Already boiling with the anticipated disappointment of my childhood scope, I hurled little noises at his wall of sound. "Bu--" "Yeah, bu--" "That's not--" all of them falling to my feet. Rusty lawn darts of failed interruption until finally he needed to breathe. And I told him that really wasn't the issue. At least not my optical health. I just wanted to know how not to see my eye and, instead, peruse Jupiter. "Oh," he began like that's all I needed to tell the astronomy expert I'd called. "You're ok with your eyes?" Well, no. Not so much now, but if he could just give me some guidance to assist these dimming sockets in finding a ball 370 million miles away, that would be great.

And he did. But not the easy way. The nerd way. I thought it would be a Fonz bump to the vending machine. You know, the jock way. But it was Newtonian Collimation. Oh fuck. What? The adjusting of all your mirrors so that tiny fragments of the ever-expanding vastness of all that has ever been might show up in an aluminum pipe in your backyard.

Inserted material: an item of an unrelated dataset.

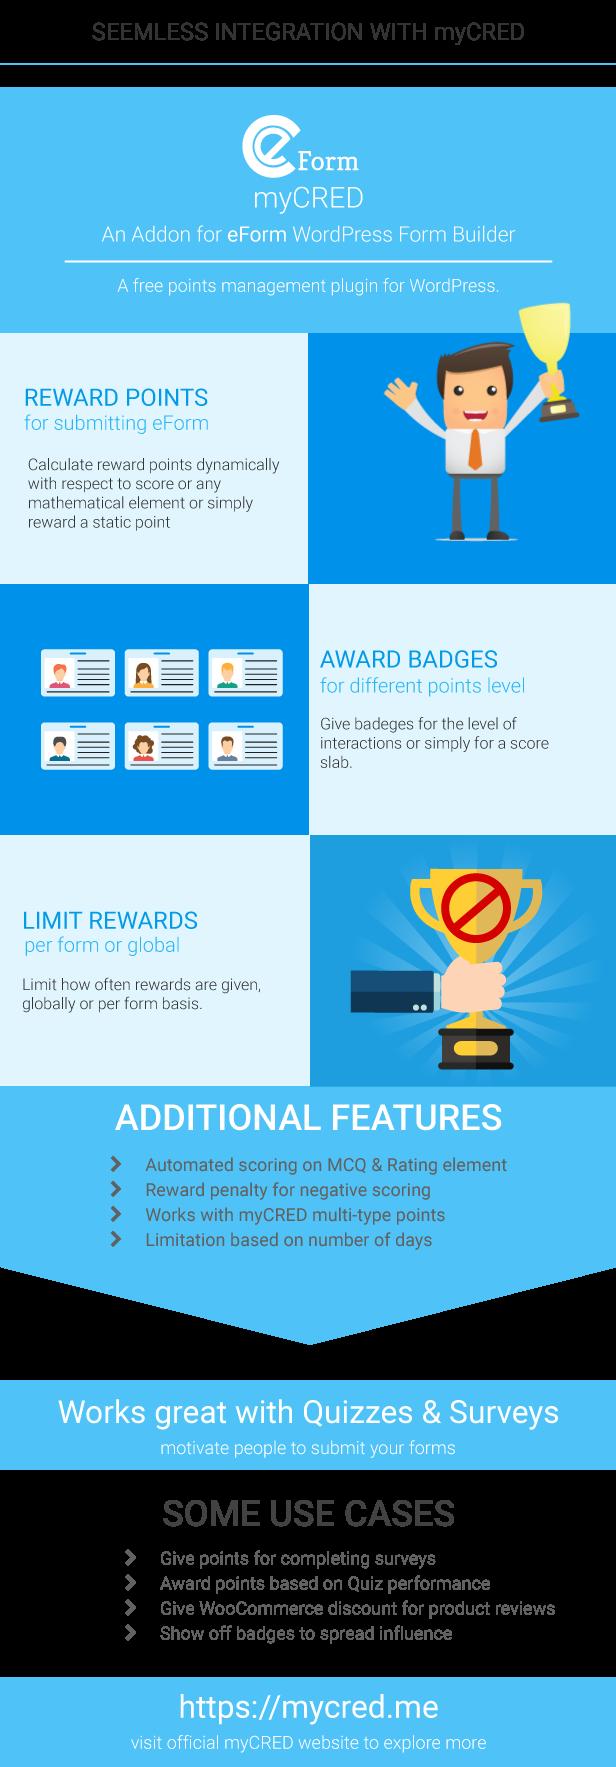 eForm Features

I told Quin I'd get the telescope on the roof and wipe down all it's lenses (nerdy advice that I understood) but he had to look up Newtonian Collimation. It was a long shot but he loves science. Apparently, however, he loves TikTok more, and his search had only been about telescopes on a short-form video channel that wormholed him to a trove of apparently far wealthier children looking through focal pieces the size of a whale. Digital whirring purred their view from one coordinate to the next and I was too hungry to push him into the original internet, before it was all rich kids with ad money and product placement. And there it was: a forty-seven minute video from 2009 I'm pretty sure featuring the grown up versions of the two smiling kids on the telescope box of my childhood letdown. But they returned in a big way. Slowly and methodically with bad edits and even worse sound, they walked me through an ancient internet way of explaining things: for the love of doing what they loved. Nerdy voices pouring on the informational sexy.

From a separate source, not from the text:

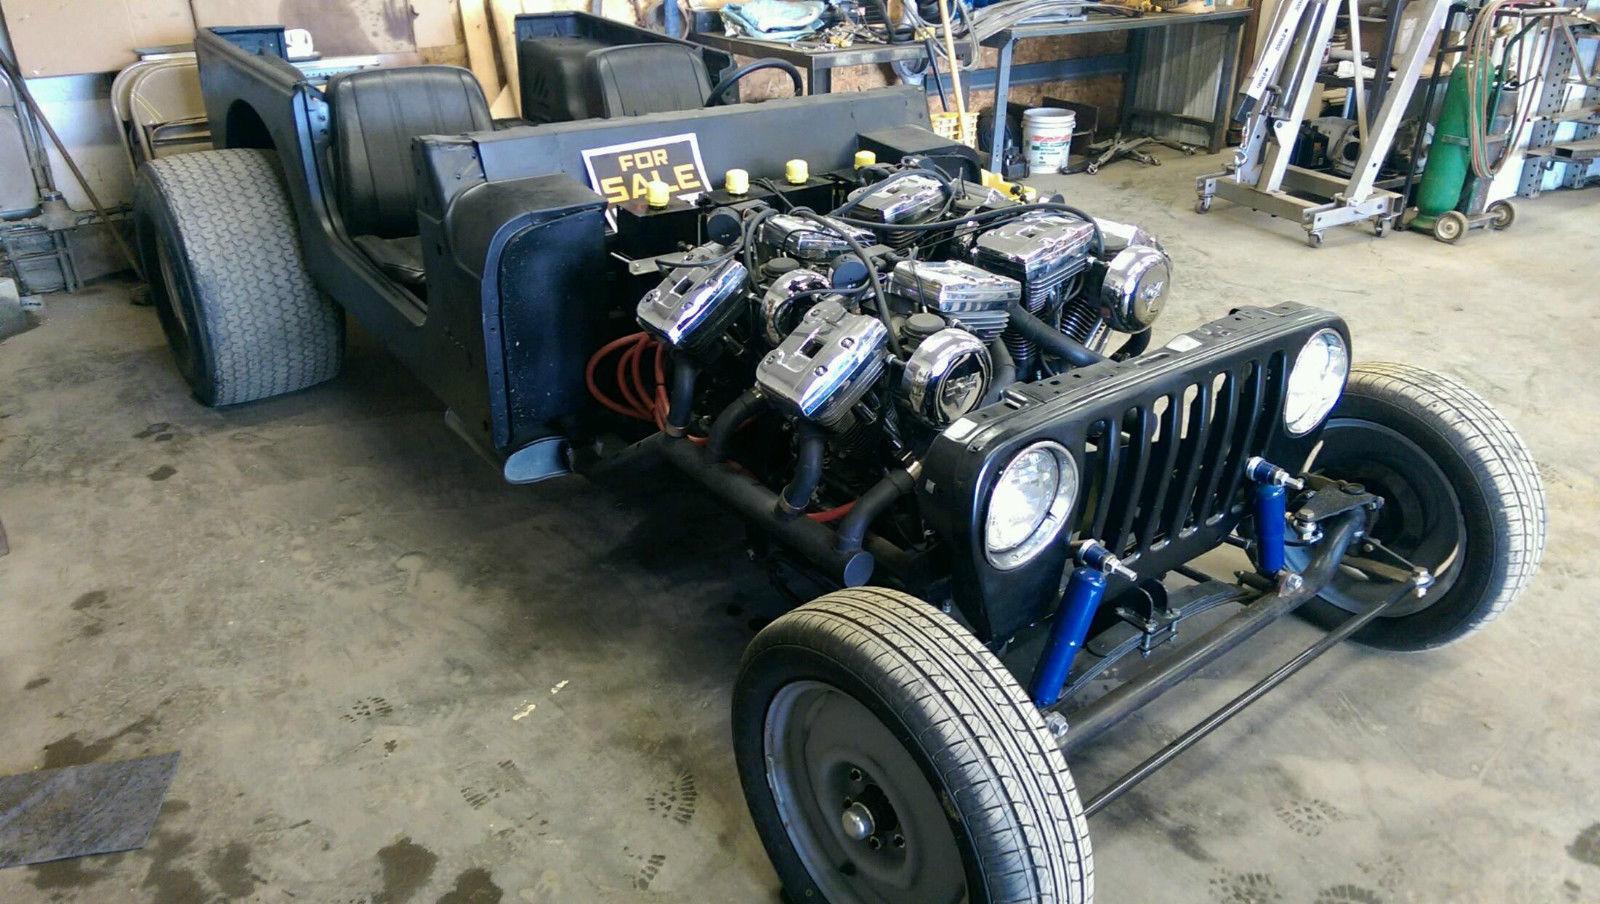 Harley Davidson V Twin Engine Diagrams Trusted Wiring Evo Diagram Antique Clip Art

I skimmed the last twenty to be honest, but goddamn if a Phillips screwdriver didn't at least make me feel like I was doing something. Quin eventually joined me on the roof and asked if I was supposed to drink a beer that fast. I warned him of the danger before crushing it and tossing it on the lawn. I'd need another, as a reward perhaps, if I could just get a glimpse of the goddamn gas giant. Which, if it's a gas giant, can't we just stare at any gap in our sky and proclaim it's an even bigger bit of gas?

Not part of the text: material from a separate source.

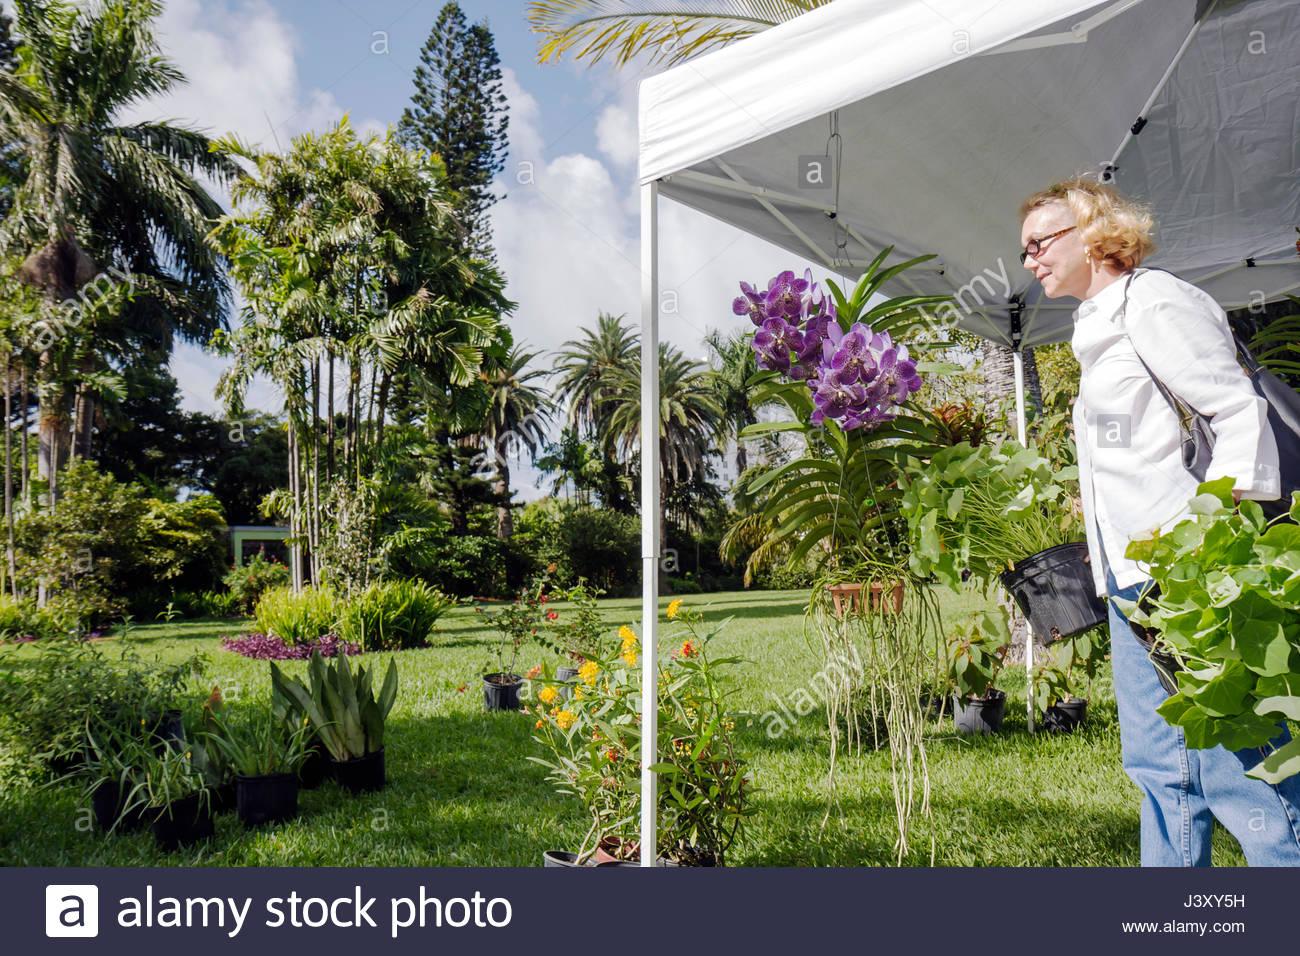 Miami Beach Miami Florida Beach Botanical Garden Tour Of Miami Beach Gardens  Horticulture Gardening Woman Orchid Plants Flower T

This is what victory looks like.

There's this thing I'm not mentioning that may play a role in our struggles. I dropped the telescope from about 7 feet. The last time I was taking it to the roof I'd loosened the wrong bolts and the entire tunnel popped off and crashed to the ground. The mirrors seemed to be intact (how many years of bad luck is a magnified mirror?) but the tube had dents. And it broke off the laser finder part. This is the integral piece that helps you find things, but I couldn't figure it out so cast it asunder as useless. With some Gorilla Glue and some therapy breathing, Quin and I got it back in place. My son then put in place something far more important yet interstellar distant to me: faith in the device. He used the laser thing to line up our flickering neighbor and actually landed on the biggest planet in our solar system. We even saw the moons. We could not believe it. I wouldn't need a victory beer. We drank from the overwhelming odds of our failure. A delicacy now fermented into absolute shock. We could even see moons. Did I already say that? I heard all the nerdy voices in our nerdy past whisper approval at our dedication. My son jumped around and I did that parent PSA about roof death. But we nailed it. Ha. Light years ago we thought we didn't have a chance.